ASSIGNMENT
Write out the data word for word and drop any picture you find.

#### SOURCE MATERIAL ####

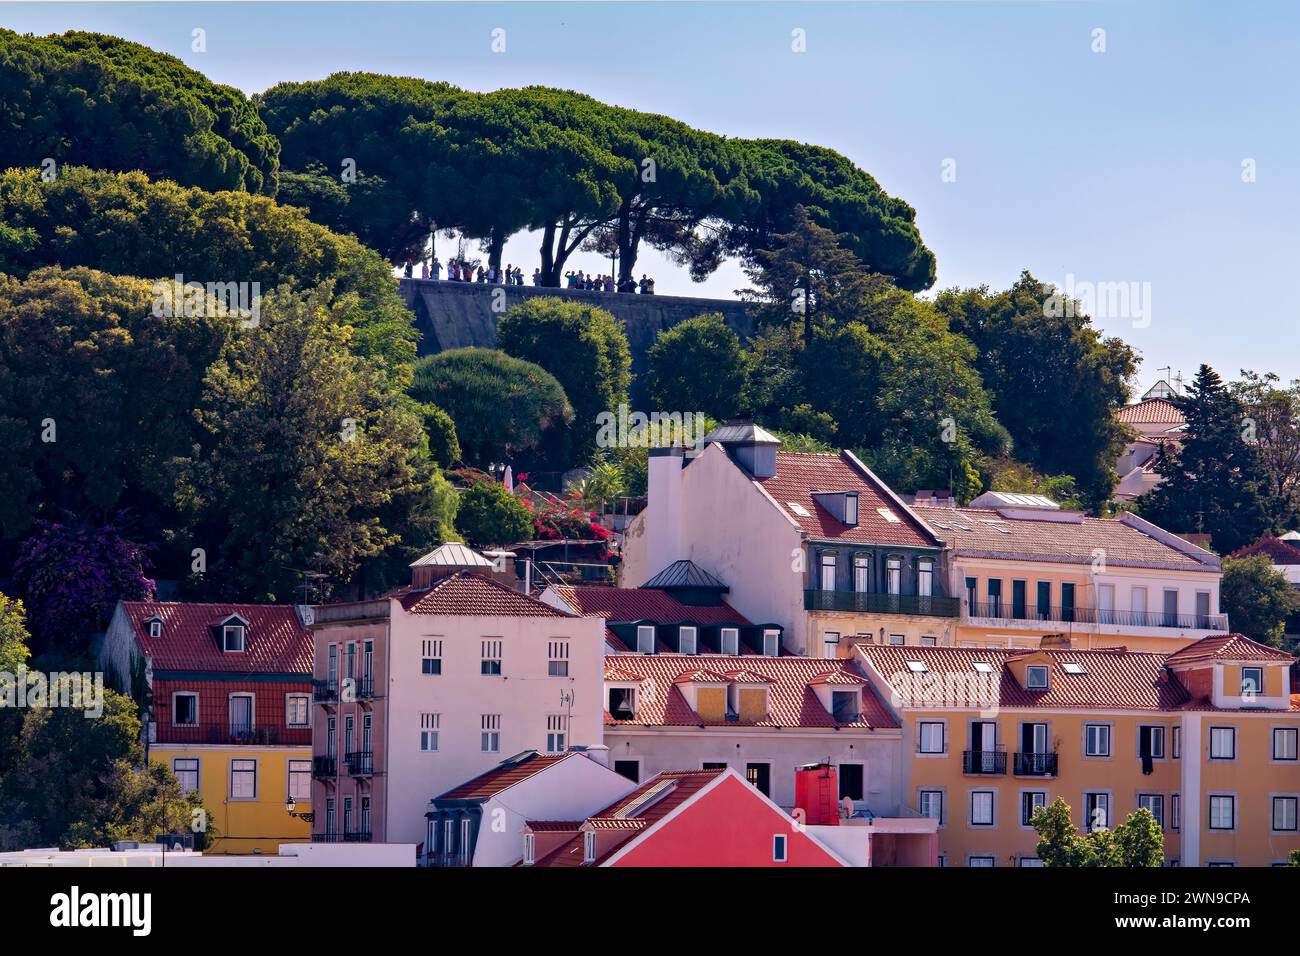 Colorful buildings under a canopy of green trees against a blue sky, Lisbon Stock Photo
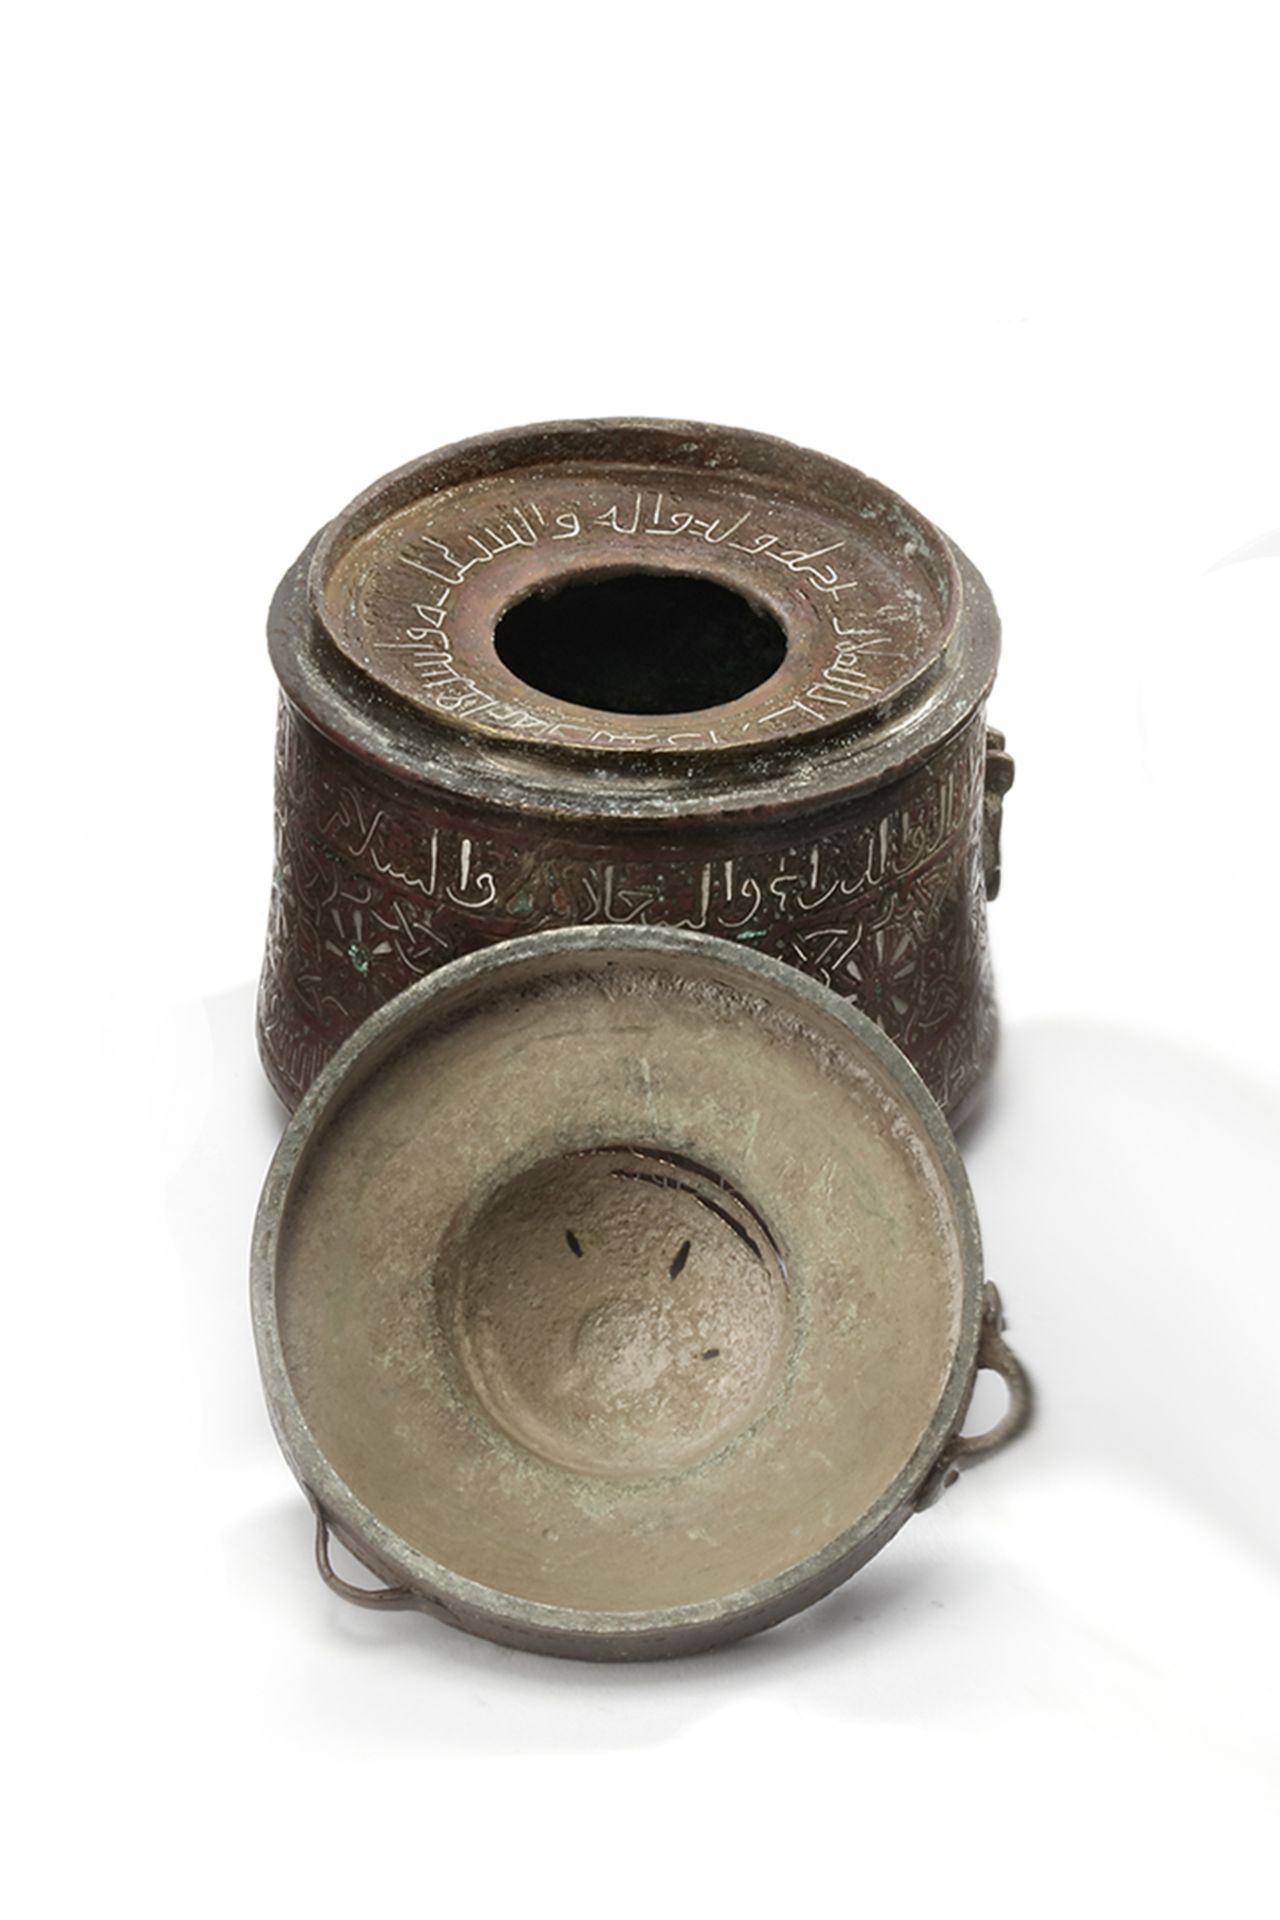 A KHURASAN SILVER- INLAID BRONZE INKWELL, 12TH-13TH CENTURY - Image 4 of 4
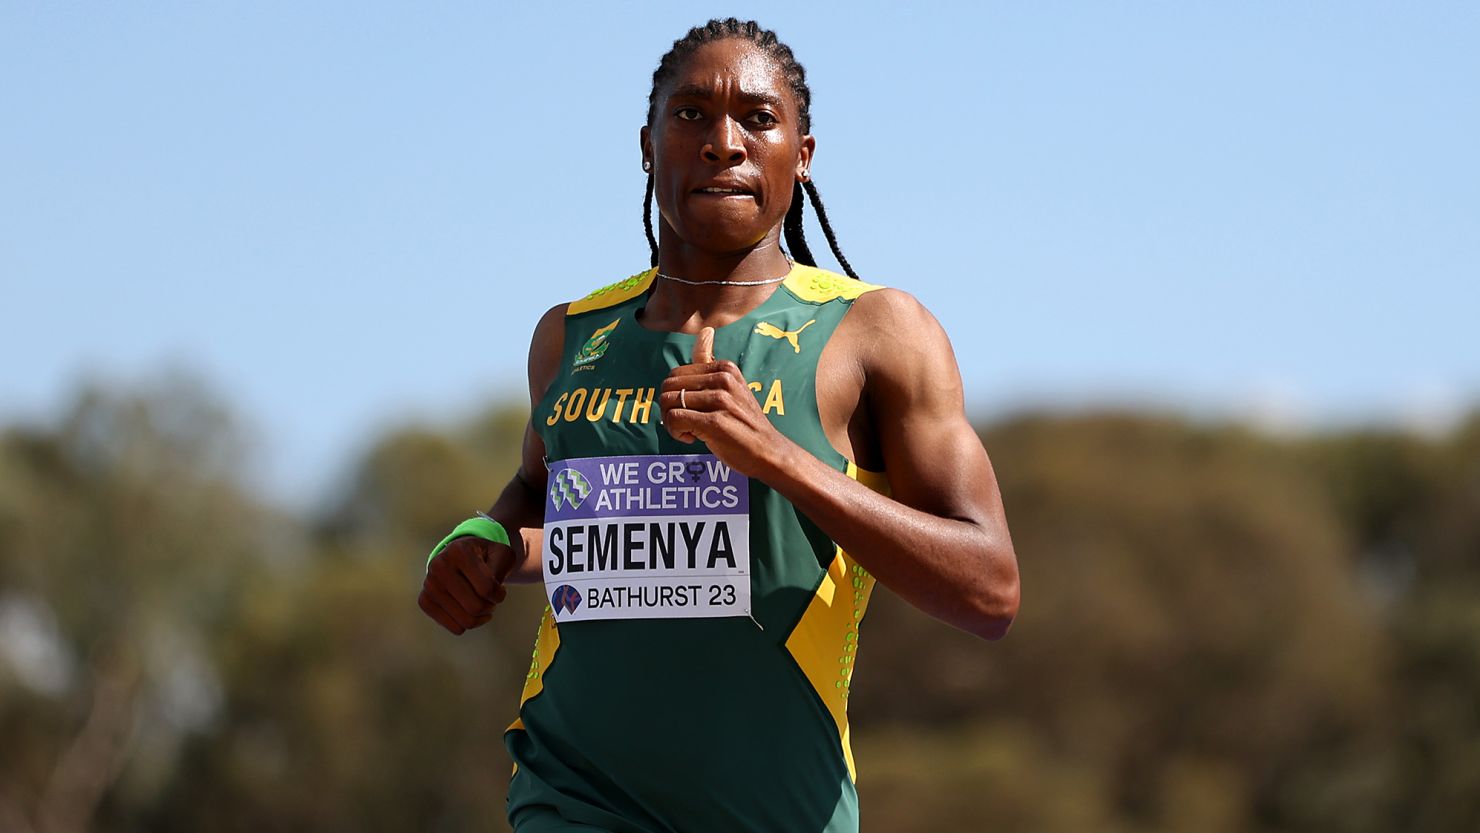 BATHURST, AUSTRALIA - FEBRUARY 18: Caster Semenya of Team South Africa competes in the Mixed Relay race during the 2023 World Cross Country Championships at Mount Panorama on February 18, 2023 in Bathurst, Australia. (Photo by Cameron Spencer/Getty Images for World Athletics )
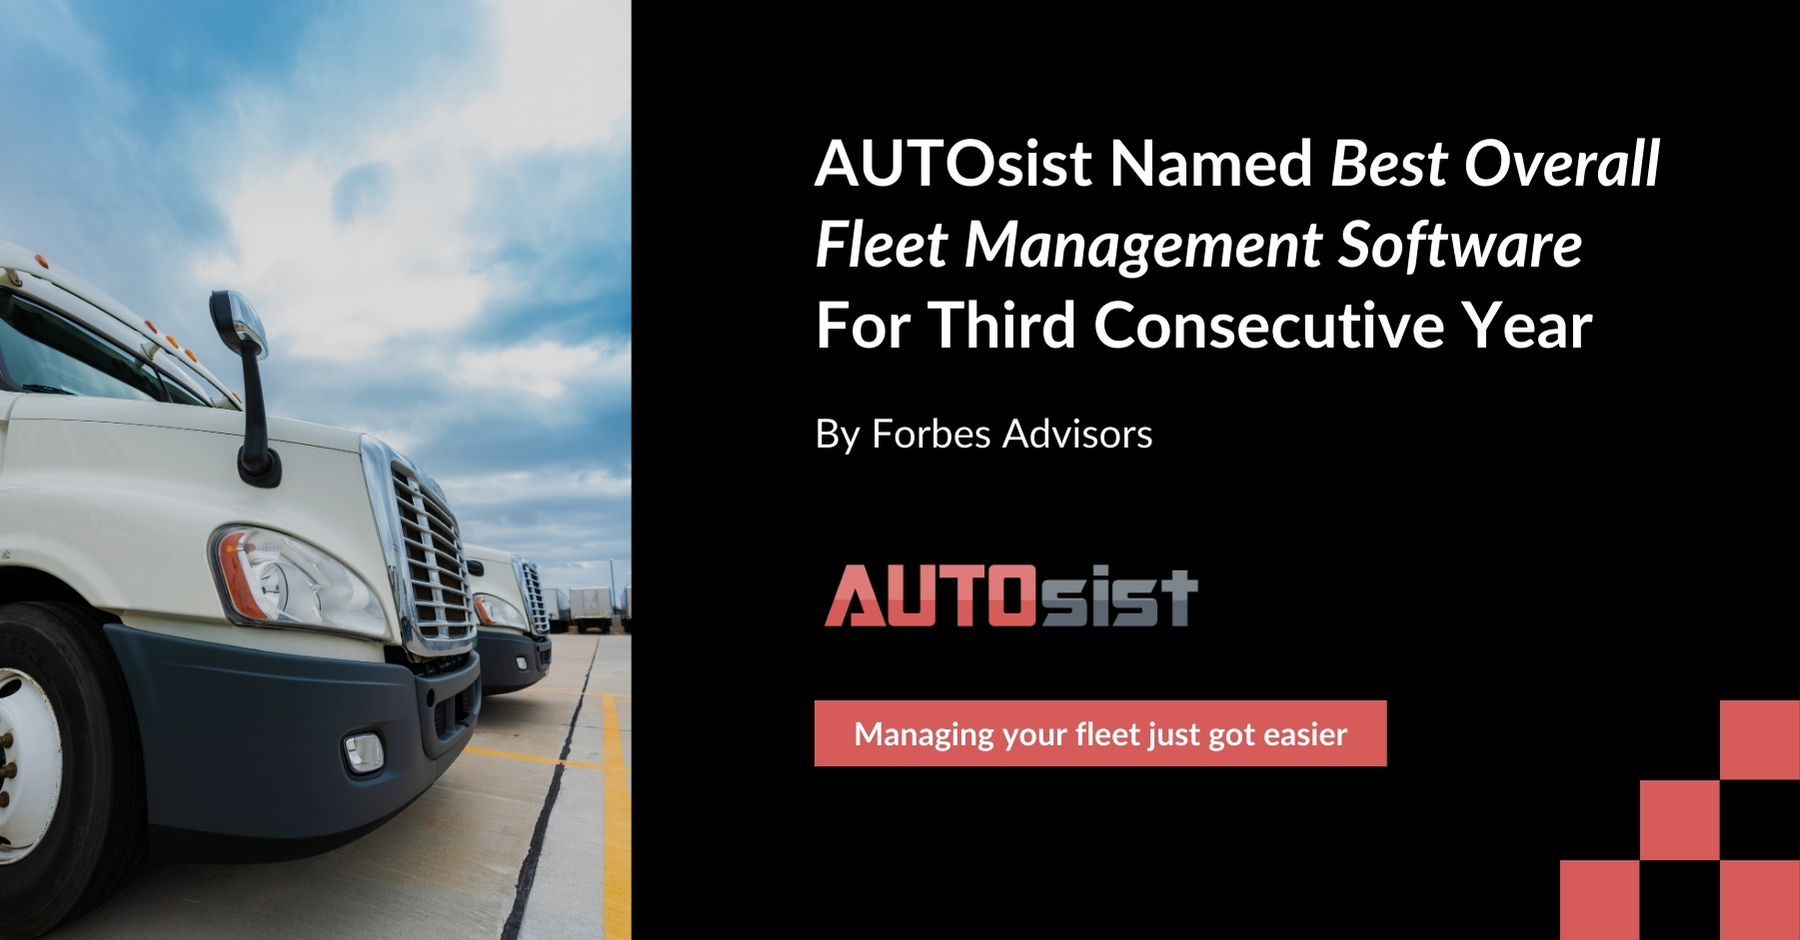 AUTOsist named Best Overall Fleet Management Software by Forbes for third straight year

####

YOUR RESPONSE
 Colorful buildings under a canopy of green trees against a blue sky, Lisbon Stock Photo
 A KHURASAN SILVER- INLAID BRONZE INKWELL, 12TH-13TH CENTURY - Image 4 of 4
 BATHURST, AUSTRALIA - FEBRUARY 18: Caster Semenya of Team South Africa competes in the Mixed Relay race during the 2023 World Cross Country Championships at Mount Panorama on February 18, 2023 in Bathurst, Australia. (Photo by Cameron Spencer/Getty Images for World Athletics )
 AUTOsist named Best Overall Fleet Management Software by Forbes for third straight year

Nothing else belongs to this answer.